*** GIVEN MATERIAL Section Begins ***

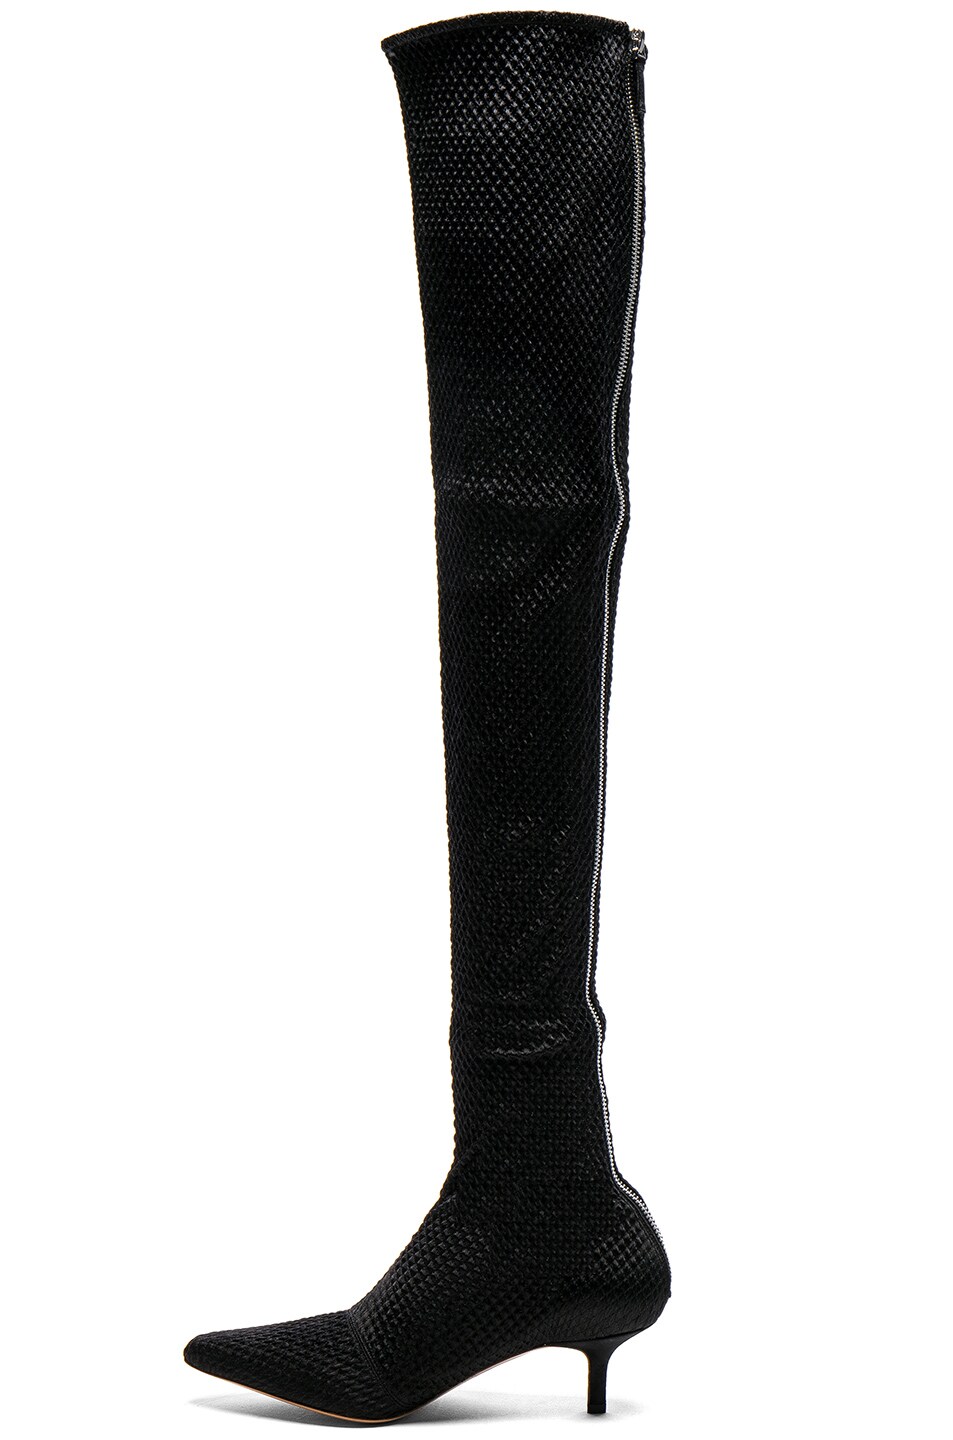 black thigh high boots small heel
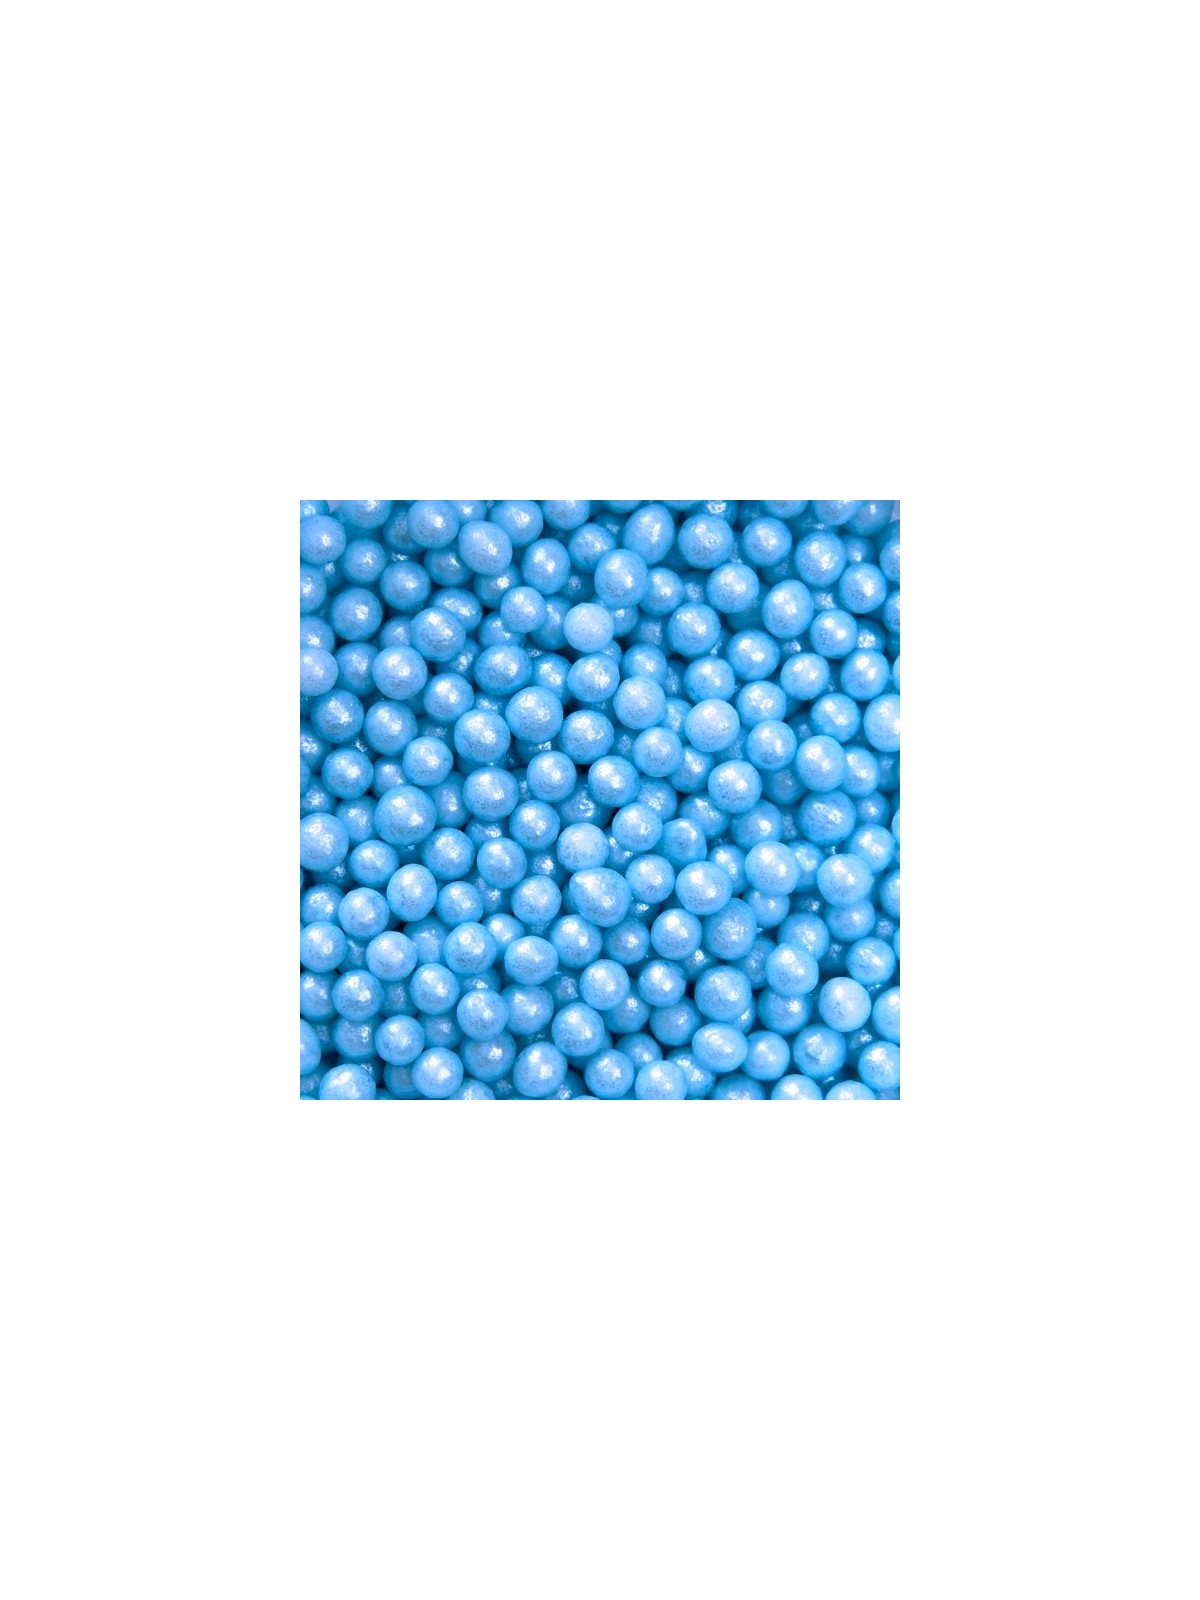 Zuckerperlen 4mm - perlenblau  - 100g
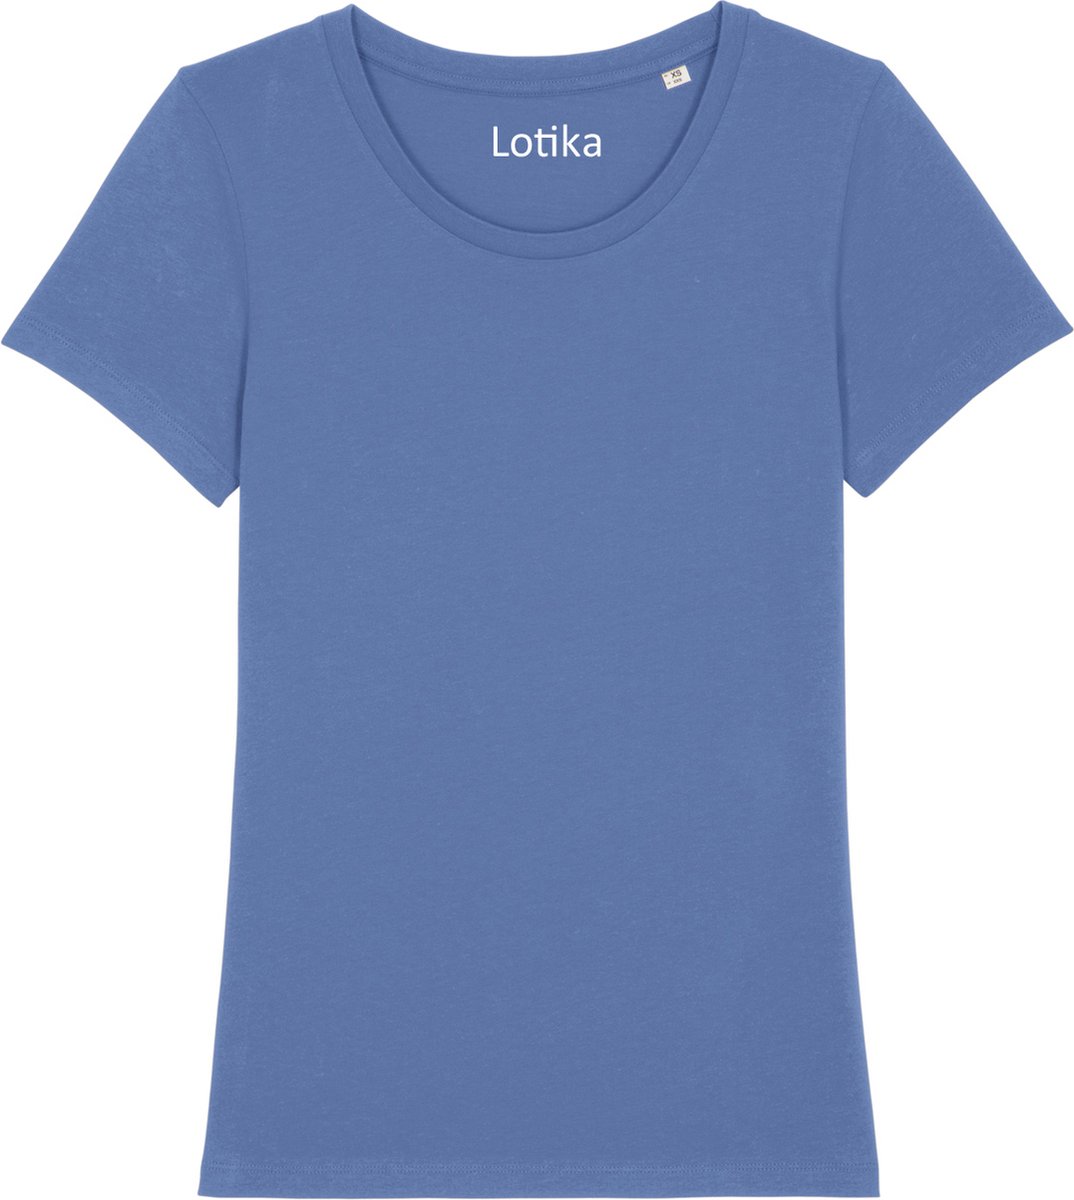 Lotika - Yara T-shirt dames biologisch katoen - bright blue

*** GIVEN MATERIAL Section Ends ***

** WORK ORDER **
Line by line, return the listing above exactly, dropping every picture.

** SOLUTION TO THIS TASK **
 black thigh high boots small heel
 Zuckerperlen 4mm - perlenblau  - 100g
 Lotika - Yara T-shirt dames biologisch katoen - bright blue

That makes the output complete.